Recorded data:
|---|
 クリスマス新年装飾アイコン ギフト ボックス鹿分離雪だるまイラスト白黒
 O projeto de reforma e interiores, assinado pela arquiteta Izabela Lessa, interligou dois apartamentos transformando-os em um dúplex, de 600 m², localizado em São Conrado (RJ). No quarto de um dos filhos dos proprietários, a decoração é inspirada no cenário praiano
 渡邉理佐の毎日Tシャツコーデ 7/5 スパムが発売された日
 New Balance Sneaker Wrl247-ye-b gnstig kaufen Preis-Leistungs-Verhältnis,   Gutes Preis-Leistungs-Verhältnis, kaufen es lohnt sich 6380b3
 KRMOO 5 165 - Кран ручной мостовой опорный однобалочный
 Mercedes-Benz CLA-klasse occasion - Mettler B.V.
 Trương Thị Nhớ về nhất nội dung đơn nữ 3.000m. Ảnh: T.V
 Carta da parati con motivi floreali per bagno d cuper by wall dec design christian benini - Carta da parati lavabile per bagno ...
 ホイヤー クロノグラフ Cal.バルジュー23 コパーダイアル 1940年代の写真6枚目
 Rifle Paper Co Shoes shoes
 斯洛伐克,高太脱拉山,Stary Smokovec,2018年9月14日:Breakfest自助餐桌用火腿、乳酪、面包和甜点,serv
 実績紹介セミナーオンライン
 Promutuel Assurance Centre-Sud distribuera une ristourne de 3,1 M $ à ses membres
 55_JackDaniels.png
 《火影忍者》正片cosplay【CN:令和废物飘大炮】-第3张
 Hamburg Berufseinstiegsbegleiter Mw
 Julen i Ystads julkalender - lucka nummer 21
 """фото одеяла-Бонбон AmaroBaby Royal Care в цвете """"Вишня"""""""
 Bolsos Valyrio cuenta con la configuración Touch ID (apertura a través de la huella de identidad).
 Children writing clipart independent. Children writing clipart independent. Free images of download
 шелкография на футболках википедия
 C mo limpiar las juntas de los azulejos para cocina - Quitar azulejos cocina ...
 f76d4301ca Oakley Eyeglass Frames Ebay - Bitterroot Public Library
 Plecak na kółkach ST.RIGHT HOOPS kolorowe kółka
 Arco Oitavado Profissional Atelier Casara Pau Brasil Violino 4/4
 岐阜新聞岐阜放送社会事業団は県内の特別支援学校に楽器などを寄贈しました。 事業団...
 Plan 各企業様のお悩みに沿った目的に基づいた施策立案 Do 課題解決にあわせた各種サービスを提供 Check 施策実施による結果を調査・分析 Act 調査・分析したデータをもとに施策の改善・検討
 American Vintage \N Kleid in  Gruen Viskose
|---|
### What you need to do:
Reproduce verbatim only the lines from the one holding "f76d4301ca Oakley Eyeglass" through the end of the records.

### Answer to this problem:
 f76d4301ca Oakley Eyeglass Frames Ebay - Bitterroot Public Library
 Plecak na kółkach ST.RIGHT HOOPS kolorowe kółka
 Arco Oitavado Profissional Atelier Casara Pau Brasil Violino 4/4
 岐阜新聞岐阜放送社会事業団は県内の特別支援学校に楽器などを寄贈しました。 事業団...
 Plan 各企業様のお悩みに沿った目的に基づいた施策立案 Do 課題解決にあわせた各種サービスを提供 Check 施策実施による結果を調査・分析 Act 調査・分析したデータをもとに施策の改善・検討
 American Vintage \N Kleid in  Gruen Viskose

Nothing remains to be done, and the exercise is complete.